GIVEN DATA
▬▬▬▬▬▬
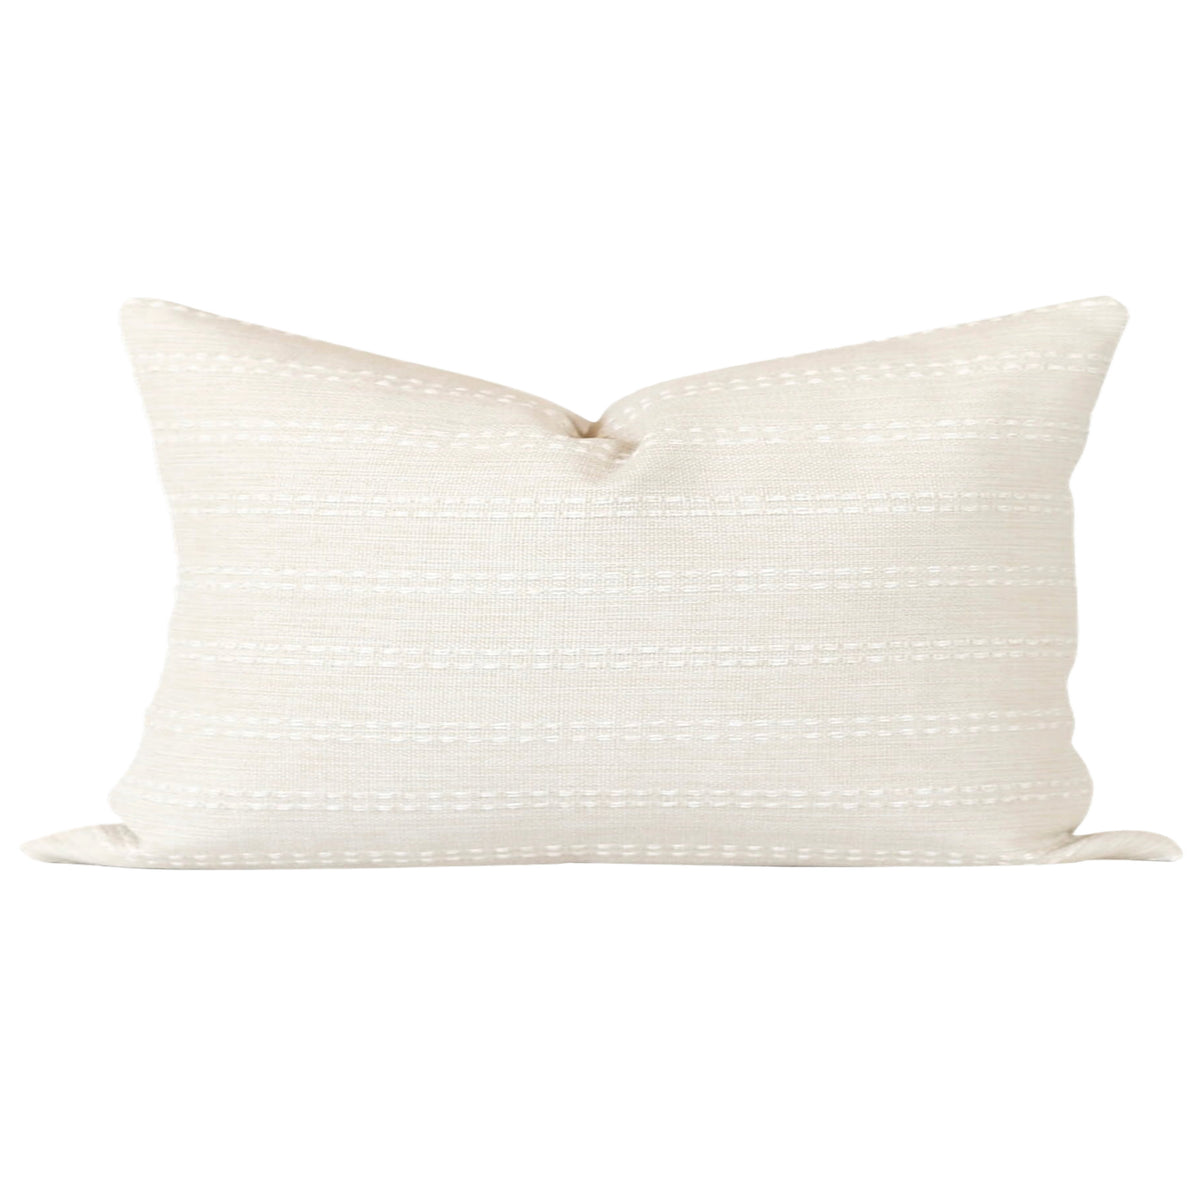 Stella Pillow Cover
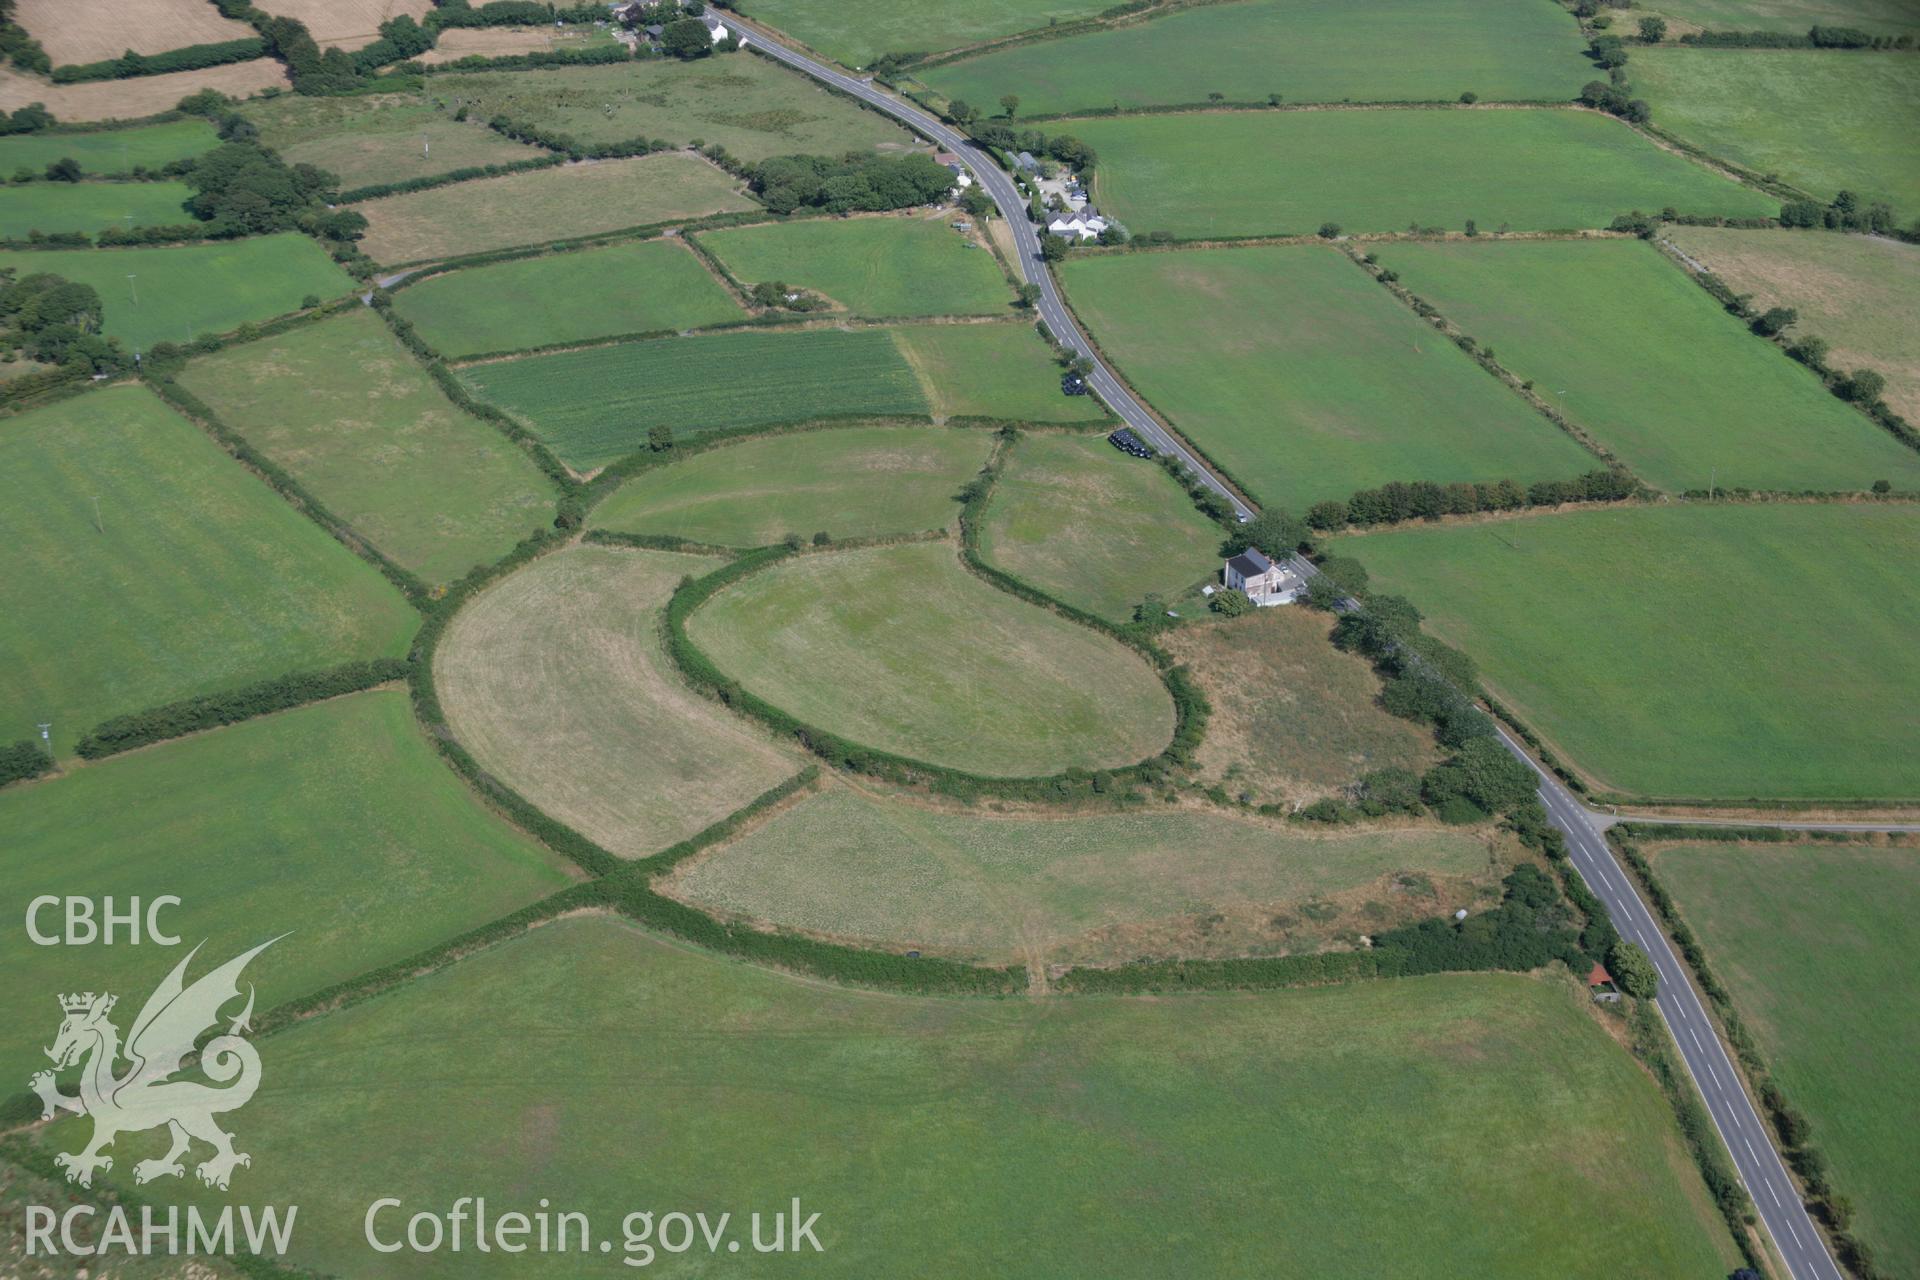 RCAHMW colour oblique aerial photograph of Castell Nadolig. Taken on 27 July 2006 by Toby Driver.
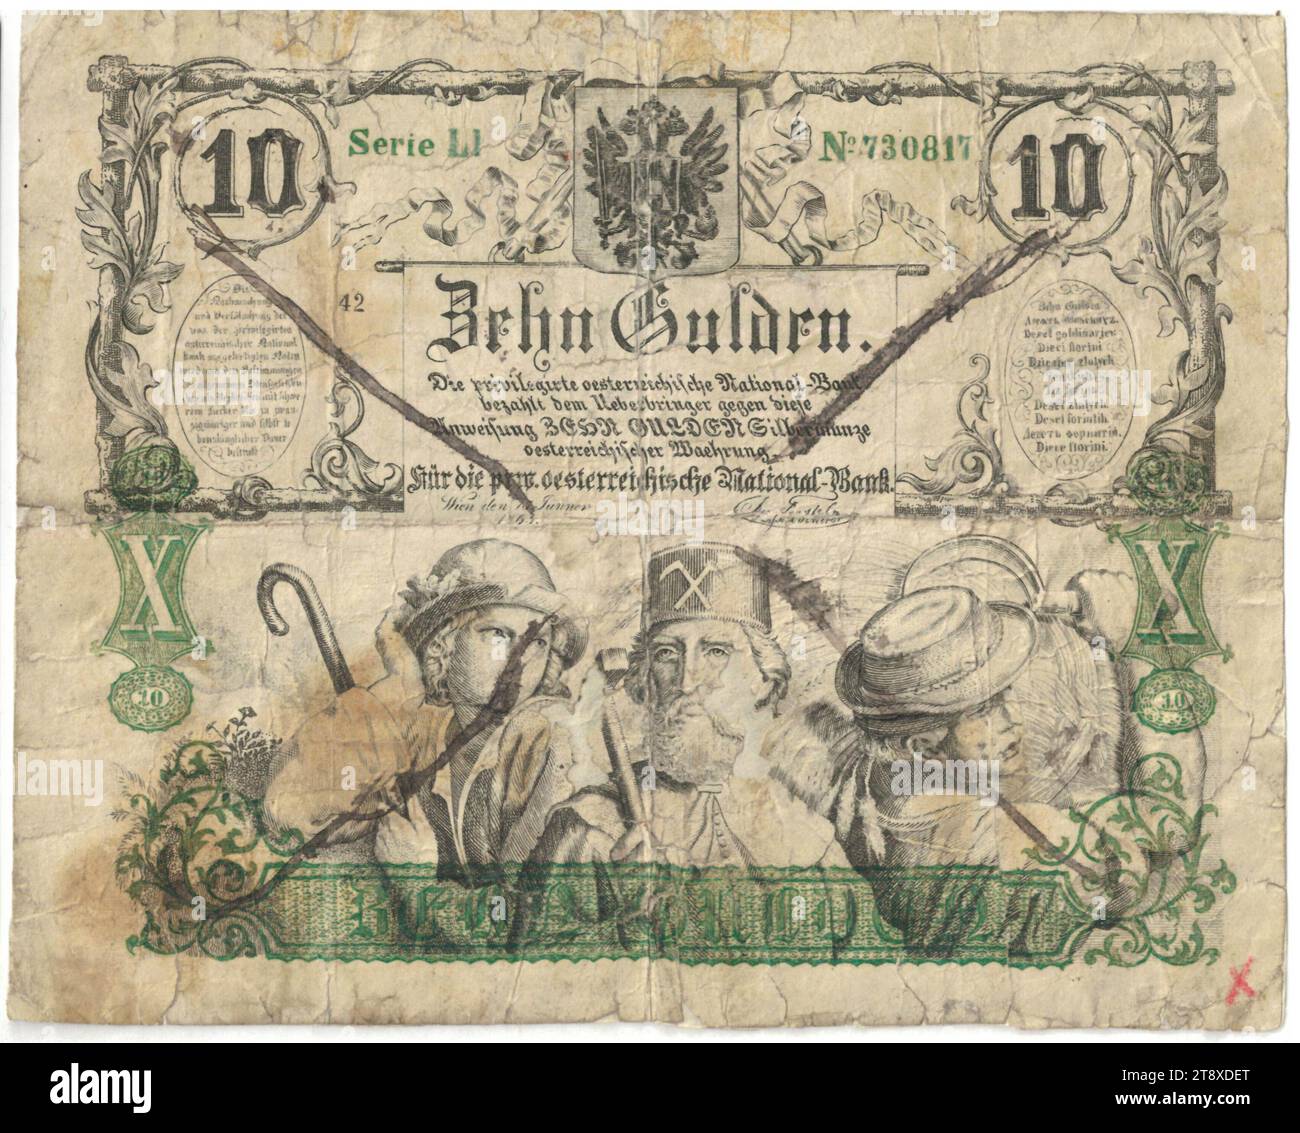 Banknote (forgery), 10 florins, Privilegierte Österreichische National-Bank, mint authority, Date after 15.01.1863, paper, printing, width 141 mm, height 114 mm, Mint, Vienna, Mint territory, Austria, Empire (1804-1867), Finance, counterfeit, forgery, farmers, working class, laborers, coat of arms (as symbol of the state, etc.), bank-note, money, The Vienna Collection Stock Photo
▬▬▬▬▬▬
WHAT THE EXERCISE ASKS
Leaving aside the pictures, copy the listing above exactly.

ANSWER TO THE PROBLEM
 Stella Pillow Cover
 RCAHMW colour oblique aerial photograph of Castell Nadolig. Taken on 27 July 2006 by Toby Driver.
 Banknote (forgery), 10 florins, Privilegierte Österreichische National-Bank, mint authority, Date after 15.01.1863, paper, printing, width 141 mm, height 114 mm, Mint, Vienna, Mint territory, Austria, Empire (1804-1867), Finance, counterfeit, forgery, farmers, working class, laborers, coat of arms (as symbol of the state, etc.), bank-note, money, The Vienna Collection Stock Photo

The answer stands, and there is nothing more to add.